To date, inconclusive data is available about the insight of the FTO gene variant with type 2 diabetes mellitus. T2DM is a chronic disease and a rising problem worldwide. Its complications lead to an increase in the burden of mortality specifically in lower and medium-income countries. Genome-wide association studies have spotted many genetic loci that are related to T2DM and validate the complicated polygenic traits. Many variants of different genes including FTO are associated with T2DM hence, this study was designed to inspect and unfold obscure data in South Asians. The main objective of present study is to identify the relation of FTO intronic variant rs9939609 with T2DM in Karachi-based Sindhi population of Pakistan. Total recruited individuals were grouped as diabetic cases and controls. Out of the total recruited subjects, genotyping was done on 152 samples using T-ARMS PCR however, demographic and clinical data were recorded of all individuals.

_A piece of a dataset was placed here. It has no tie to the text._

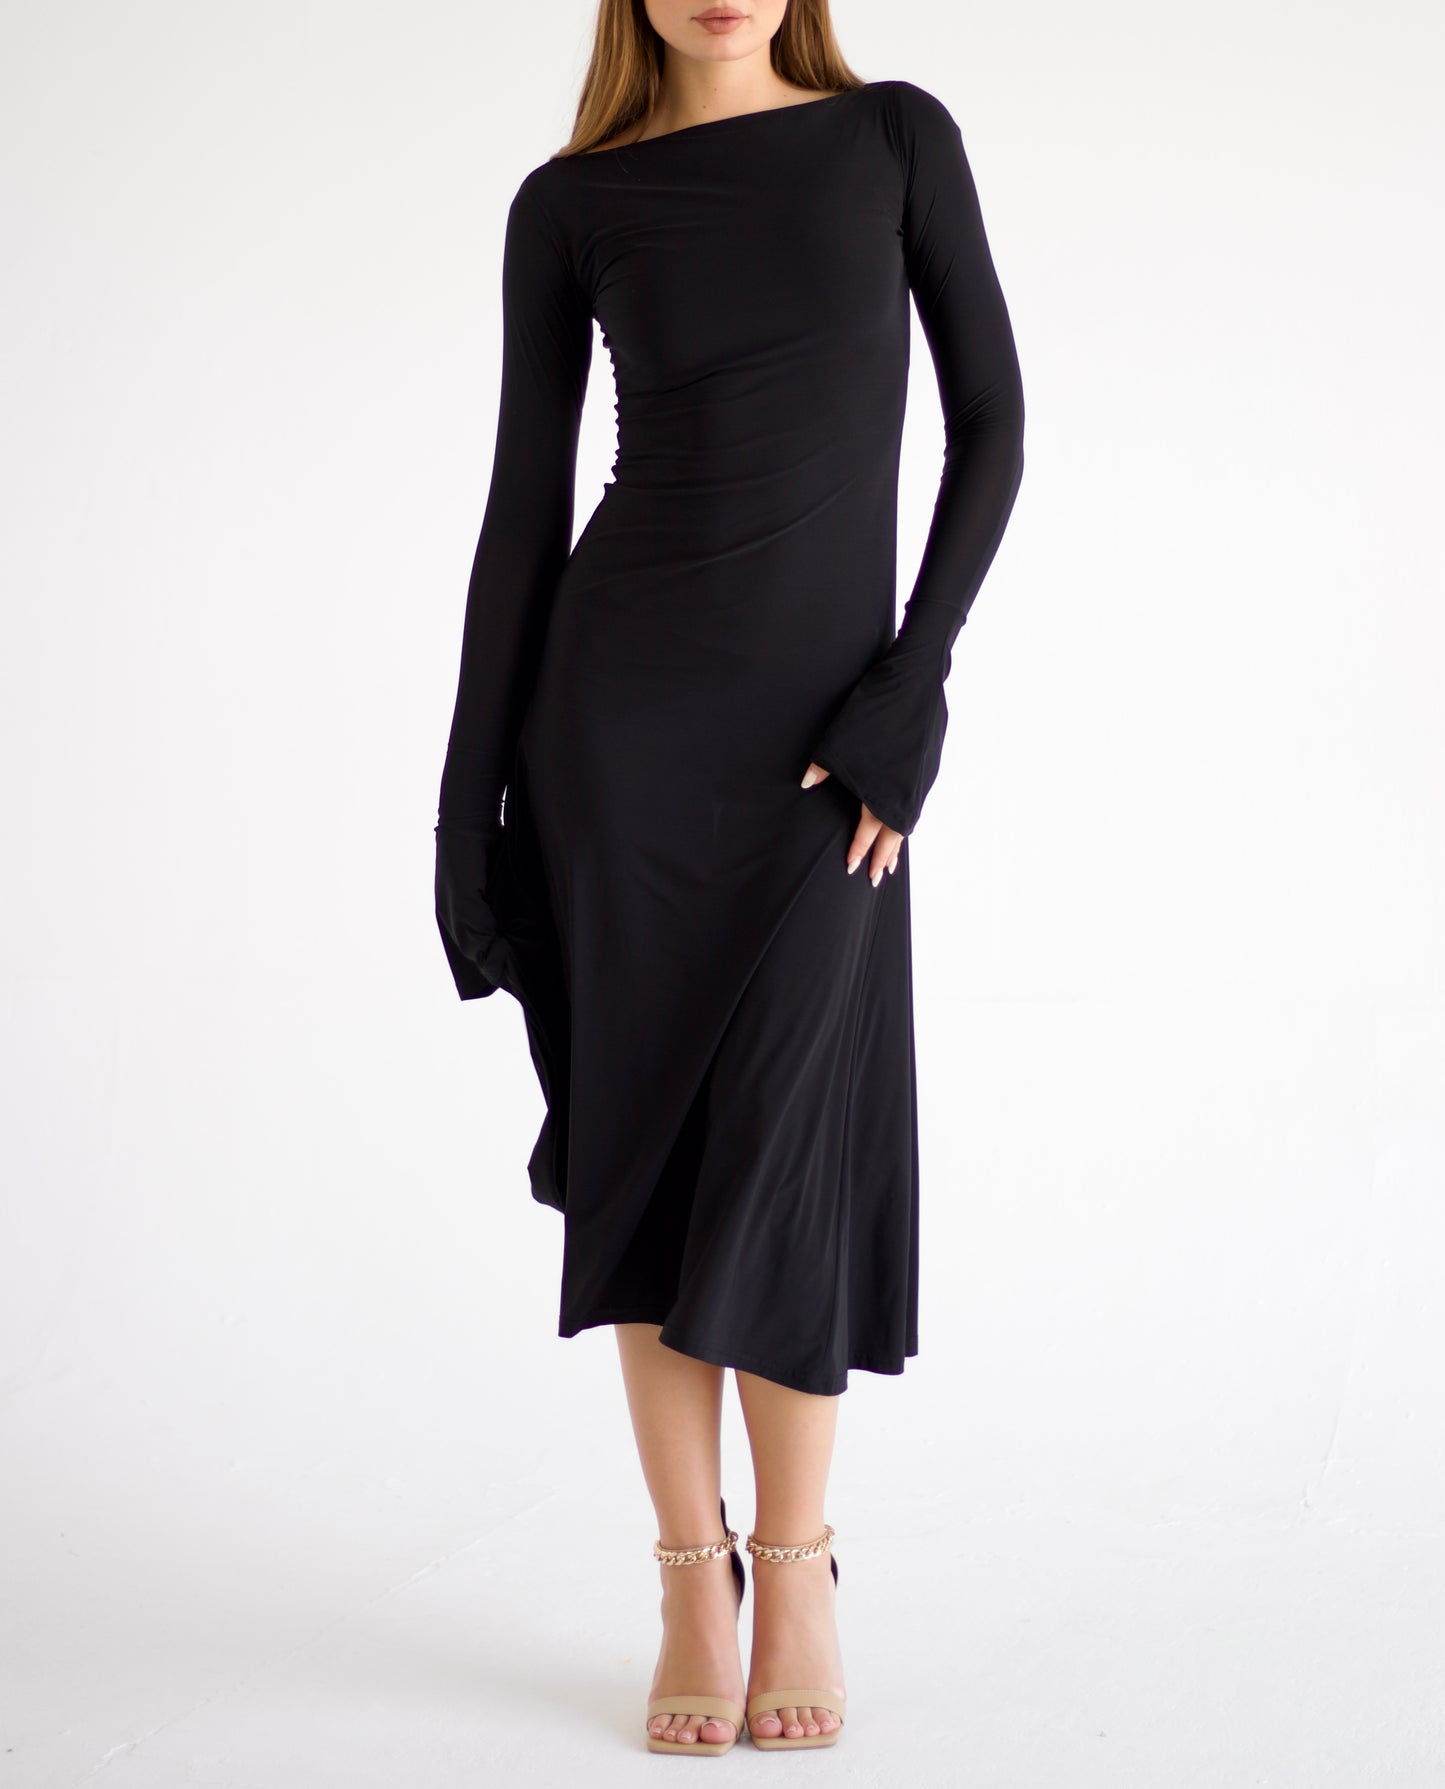 Black kate dress

The results showed that the frequency of variant genotypes in the diabetic case group was 11 % for AA, 45 % for AT and 44 % for TT though, the frequency of the lethal allele (T) was 34 %. These outcomes concluded, rare T allele frequency is higher among diabetic cases as compared to controls and provides the contribution from the Pakistani population to support the previous controversial findings. This study concluded FTO gene-single nucleotide polymorphism, rs9939609 is associated with T2DM but still, it is a growing need to do further studies on T2DM susceptible genes with different polymorphisms to recognize targets in the field of pharmacogenomics for clinical implementation.